Yes, and since I'm also very involved in the OpenAPI Specification, I'm very familiar with this mismatch and the problems it causes. We did try to address that in an appendix to the modern JSON Schema drafts , to show how to bridge that gap, but it hasn't really caught on so far. (apologies for the very long delay in replying, see my "Coming Out of Hibernation" post for an explanation)

1
R

Is is worth tying these ideas into the concepts of open-world and closed-world views, and the consequent fairly natural match with RDF, and JSON-LD ?

H

My understanding is that an open world allows for indeterminate truth values. Unless there's an error in the schema, it's always possible to determine whether a given instance is valid with respect to a given schema. It's just that the starting point (the empty schema) allows everything. So that would seem to me to be a closed world approach.

D

Does indeterminacy in an open world express a limitation of modeling a world, or indeterminacy in the model itself? (The map is not the territory, but given a map can truth be indeterminate?)

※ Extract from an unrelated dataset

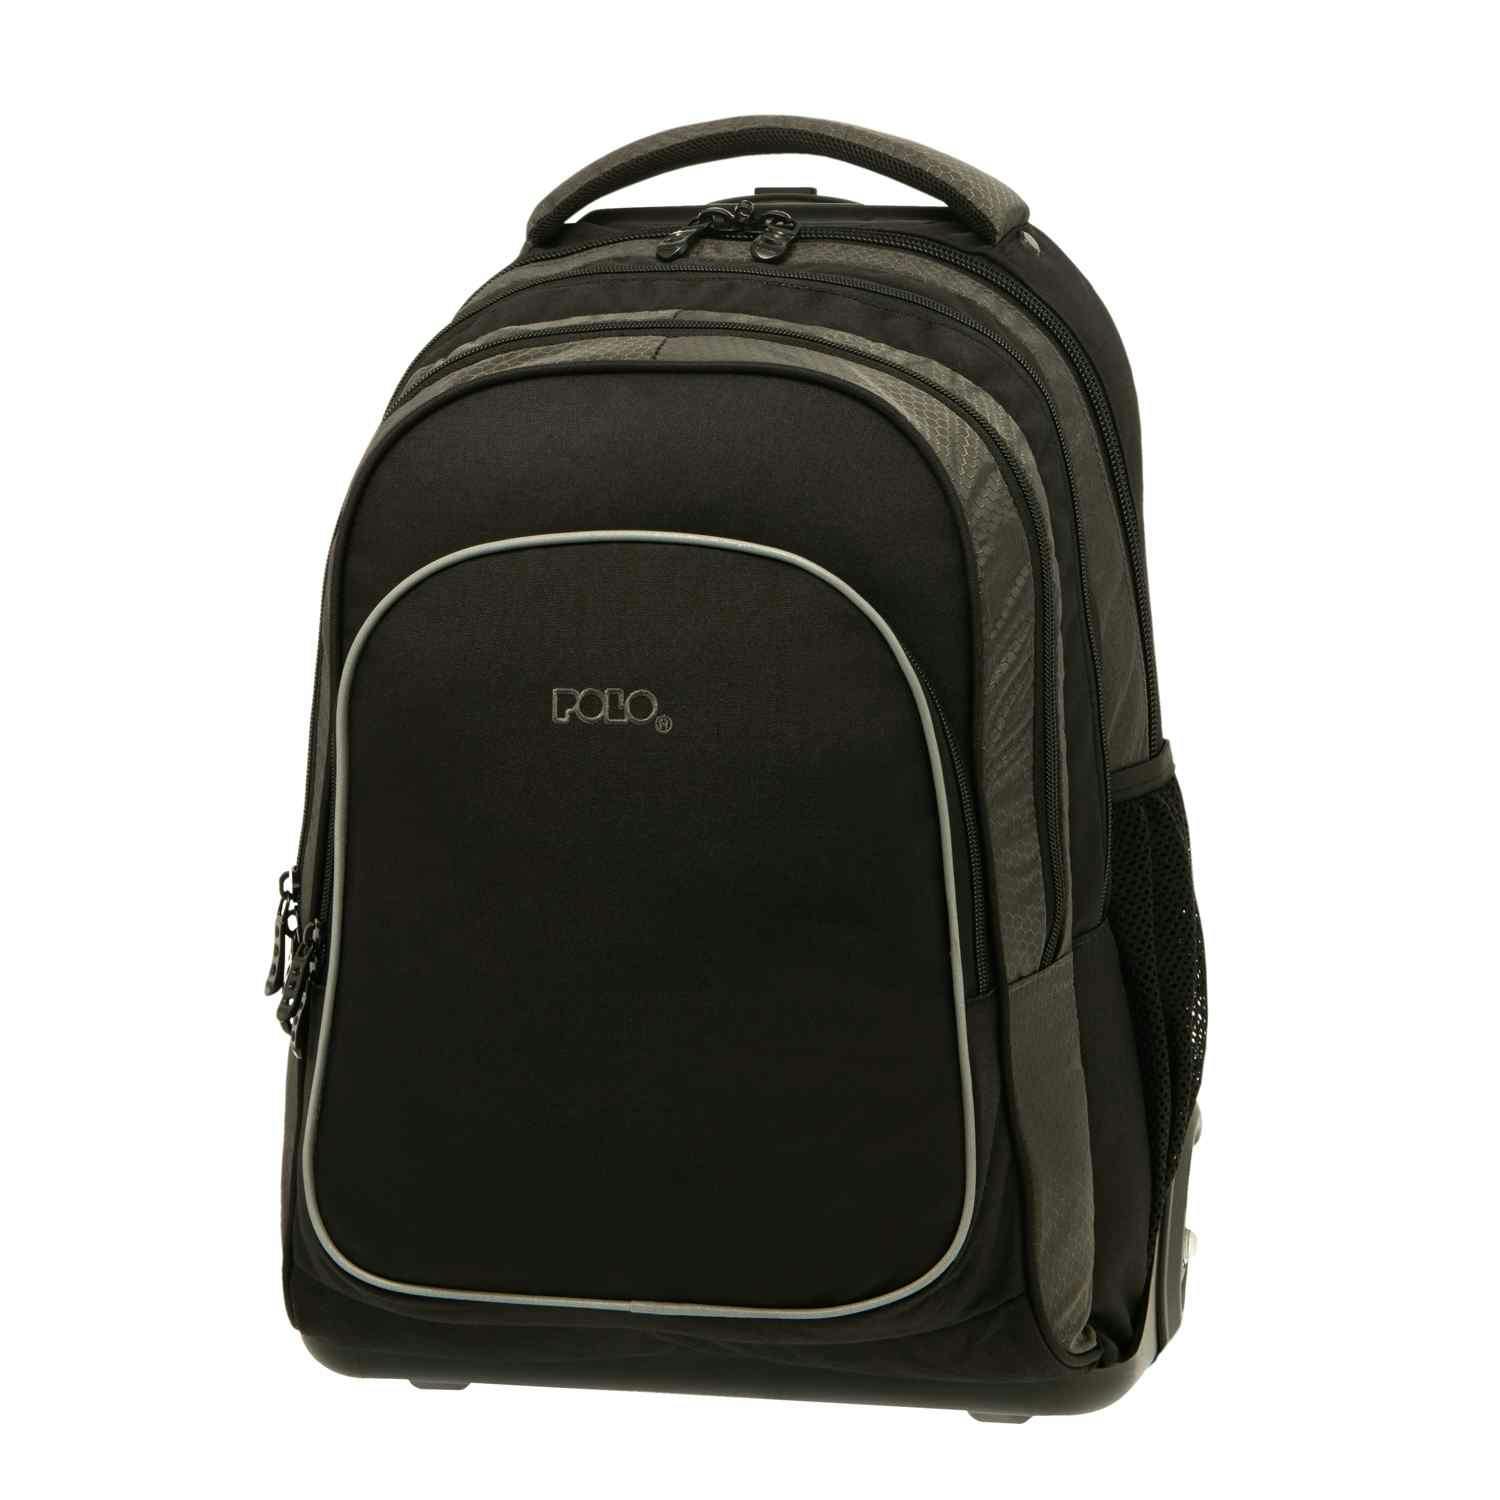 Polo COMPACT Trolley Bag Σχολική Τσάντα Τρόλευ Δημοτικού Χρώμα Μαύρο Μ35 x Π21 x Υ46cm 9-01-177-2000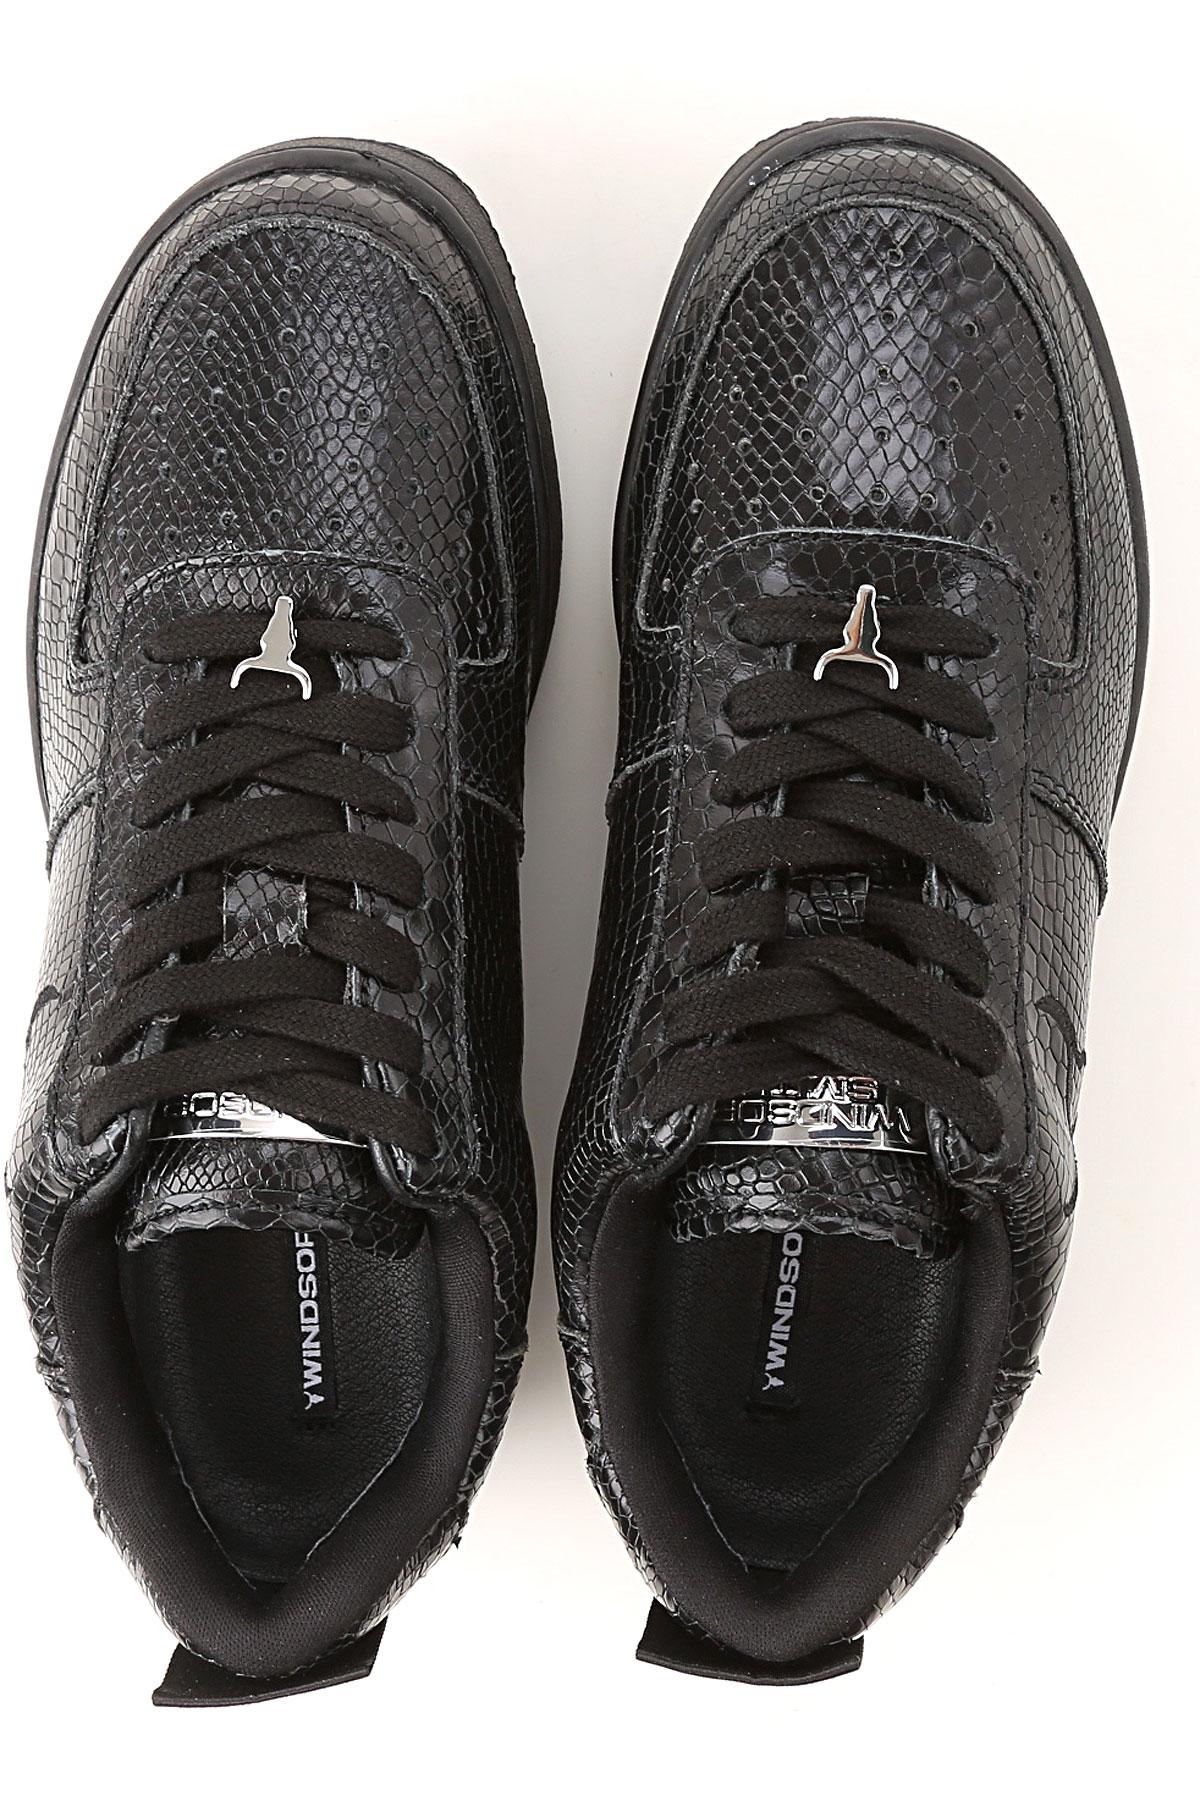 Windsor Smith Black Sneakers For Women

All sorts of vagueness exists in the real world, "Fred is bald" includes at least two: "which Fred?" and "what is bald?" But does an open world model require that subjects have a unique instance id and that the "bald" attribute is a binary type (or an integer threshold for number of hairs on the head)?

I'd assume that an open world model does not allow vagueness-based indeterminate truth (it follows the law of the excluded middle). Are there different scenarios where indeterminate truth is permitted in the model?

(Attributes can be optional, and if a subject does not have a "bald" attribute then the question cannot be answered for that subject. But that applies to both closed and open worlds.)